Unnamed: 0,Name,Wage,Value,difference
0,L. Messi,565000.0,110500000.0,109935000.0
1,Cristiano Ronaldo,405000.0,77000000.0,76595000.0
2,Neymar Jr,290000.0,118500000.0,118210000.0
3,De Gea,260000.0,72000000.0,71740000.0
4,K. De Bruyne,355000.0,102000000.0,101645000.0
...,...,...,...,...
18202,J. Lundstram,1000.0,60000.0,59000.0
18203,N. Christoffersson,1000.0,60000.0,59000.0
18204,B. Worman,1000.0,60000.0,59000.0
18205,D. Walker-Rice,1000.0,60000.0,59000.0


In [5]:
df1.sort_values(by='difference', ascending=False).head(5)

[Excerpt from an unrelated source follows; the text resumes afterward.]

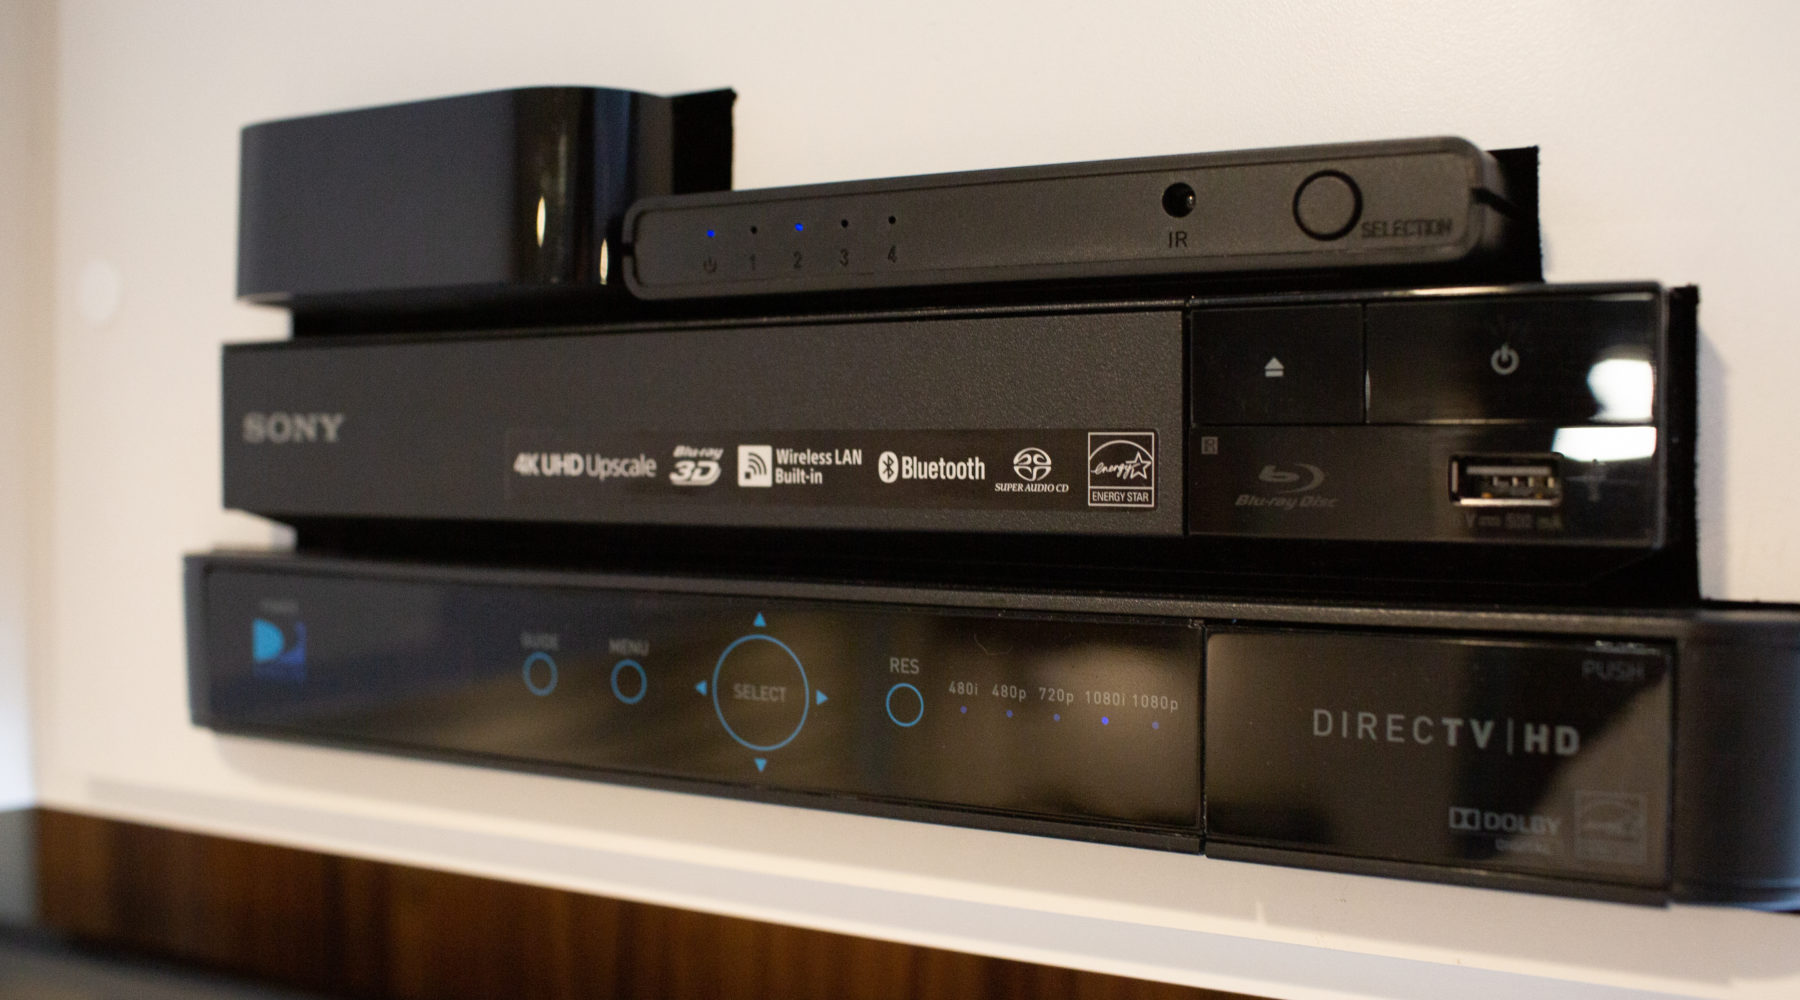 Sony BluRay Player, Apple TV, and DirecTV Satellite Receiver in Custom Cabinet

Unnamed: 0,Name,Wage,Value,difference
2,Neymar Jr,290000.0,118500000.0,118210000.0
0,L. Messi,565000.0,110500000.0,109935000.0
4,K. De Bruyne,355000.0,102000000.0,101645000.0
5,E. Hazard,340000.0,93000000.0,92660000.0
15,P. Dybala,205000.0,89000000.0,88795000.0


Here, we get the players with the biggest difference down to the lowest players.